* WHAT IS REQUIRED *
Would you repeat the whole listing exactly, pictures excluded?

* COLLECTED MATERIAL *
☆ ☆ ☆ ☆ ☆
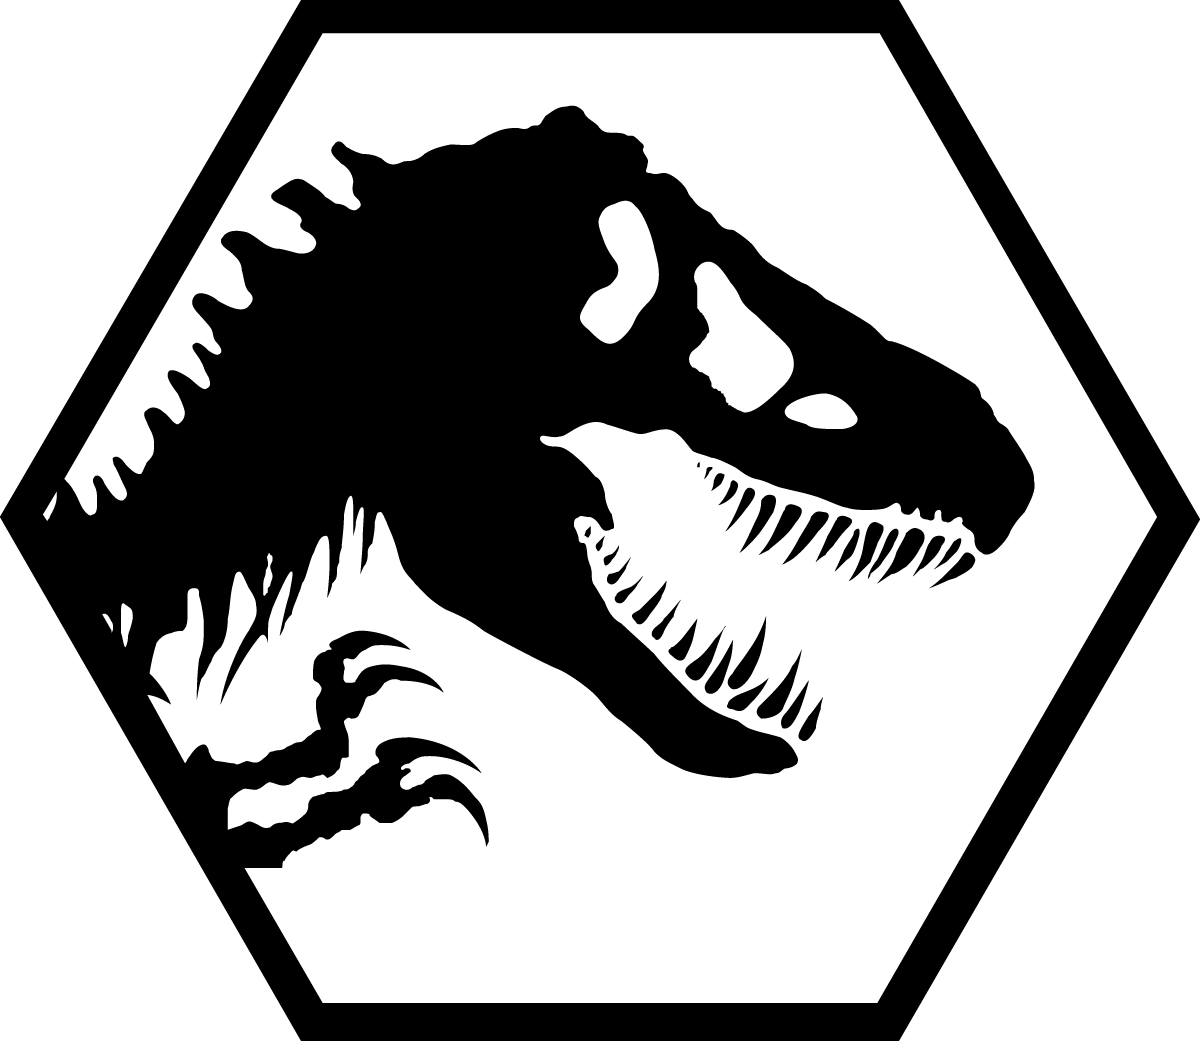 T-Rex Kingdom (hexagon)
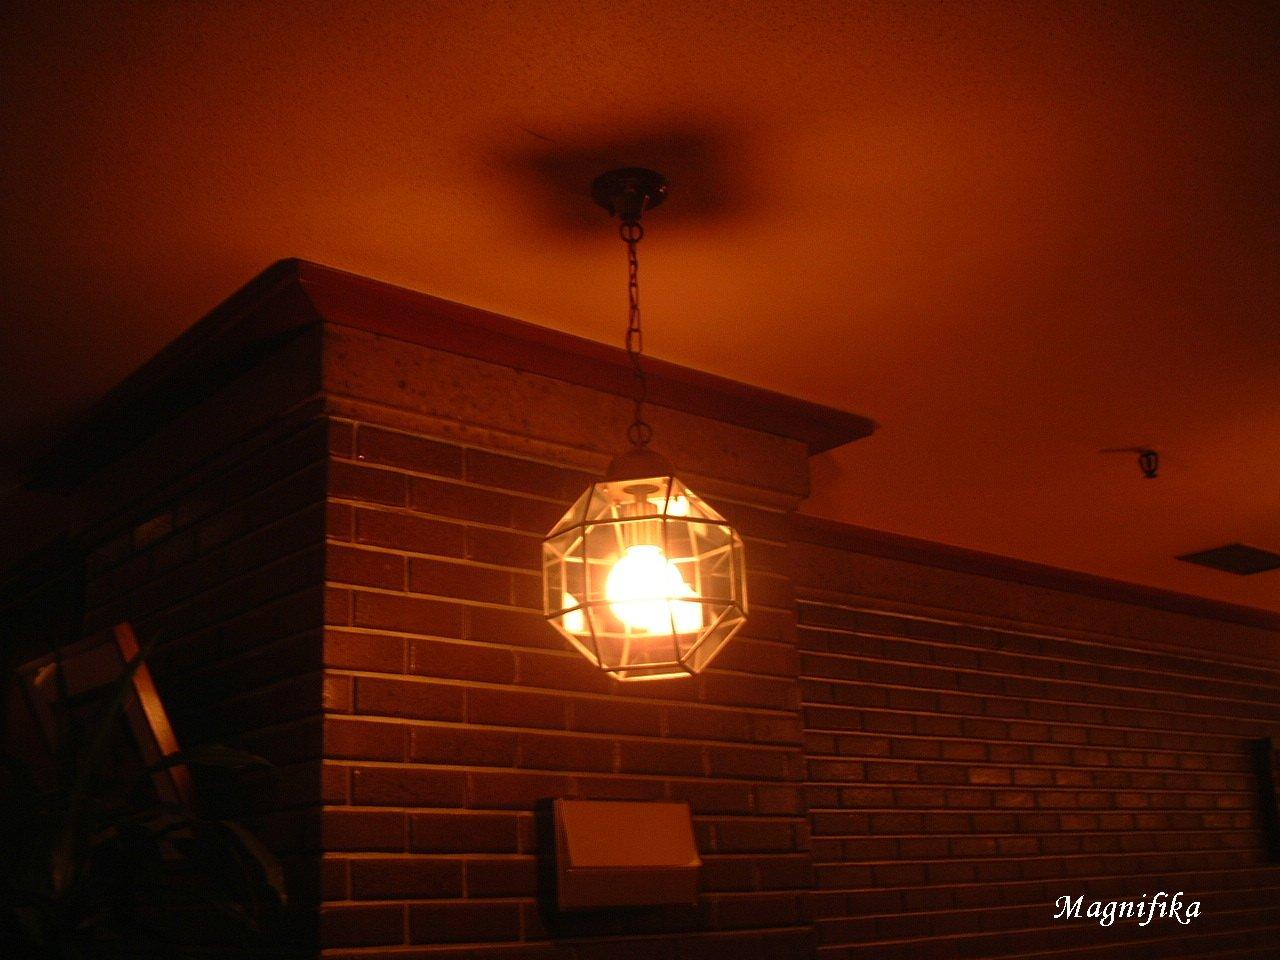 Frank Lloyd Wright の 名残り Frank Lloyd Wright_e0140365_0472576.jpg
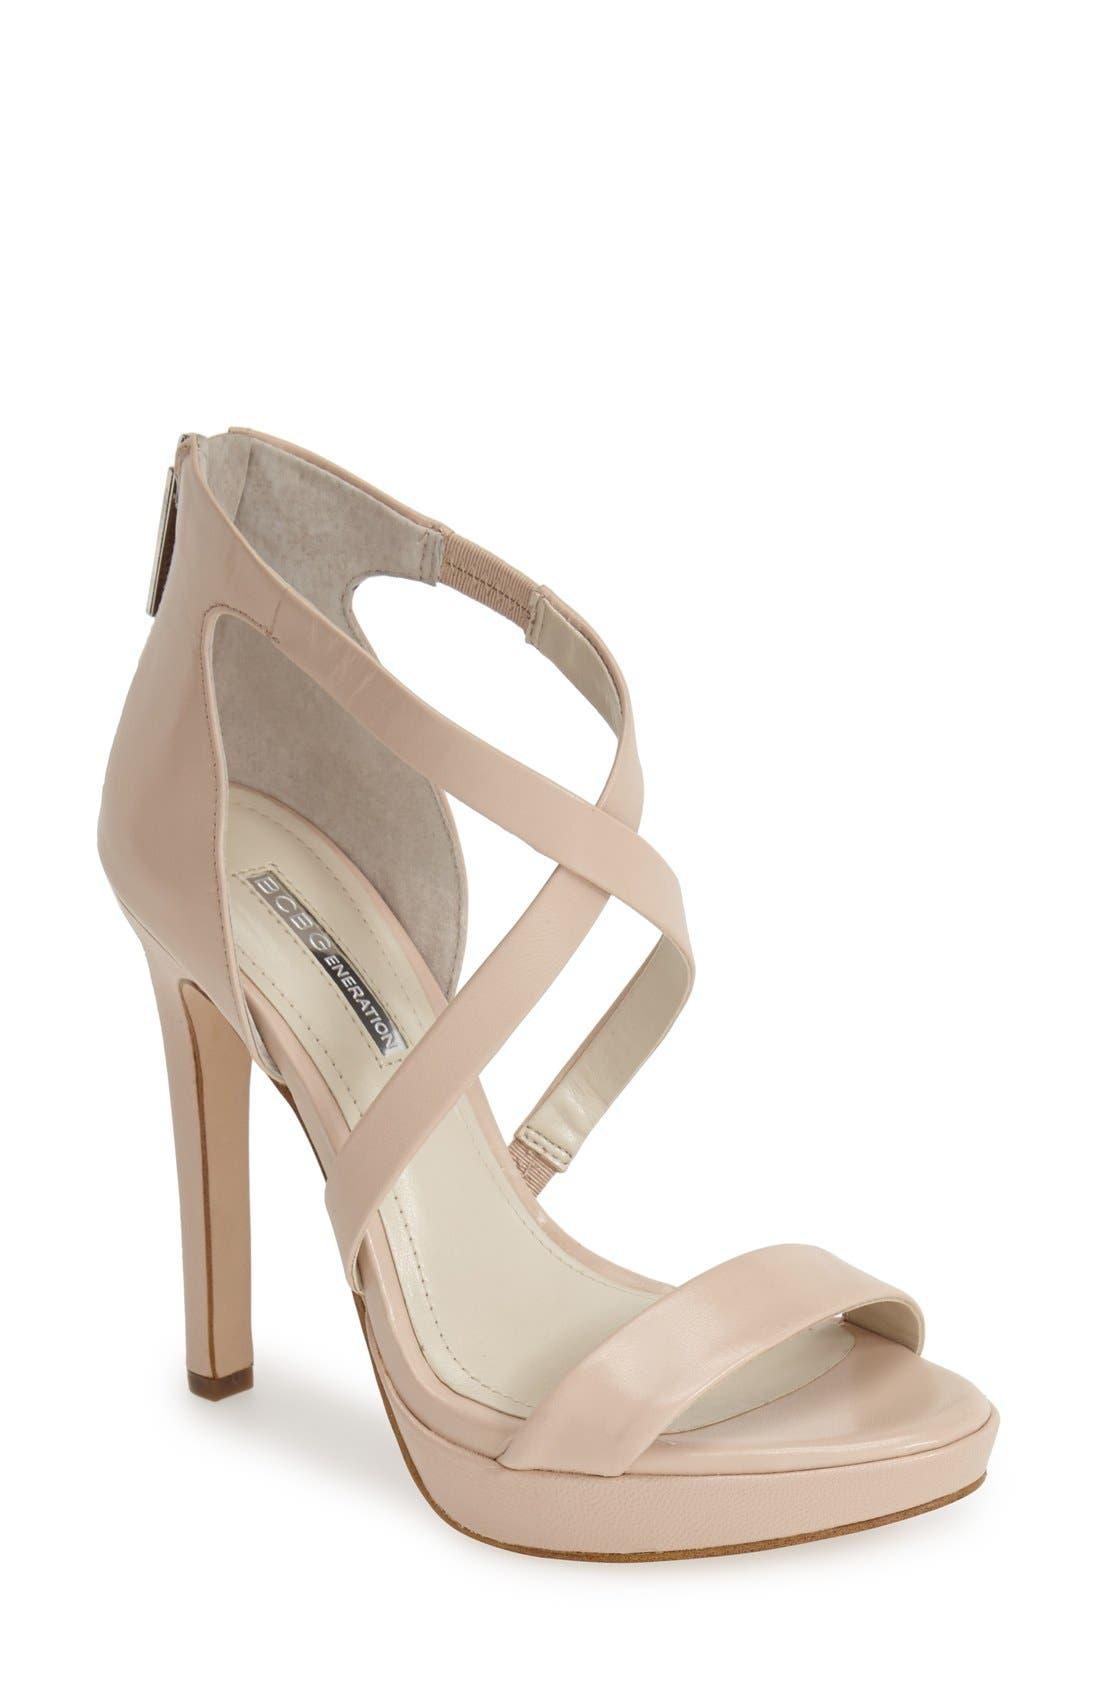 Alternate Image 1 Selected - BCBGeneration 'Gidget' Leather Platform Sandal (Women)
☆ ☆ ☆ ☆ ☆
* ANSWER SPACE *
 T-Rex Kingdom (hexagon)
 Frank Lloyd Wright の 名残り Frank Lloyd Wright_e0140365_0472576.jpg
 Alternate Image 1 Selected - BCBGeneration 'Gidget' Leather Platform Sandal (Women)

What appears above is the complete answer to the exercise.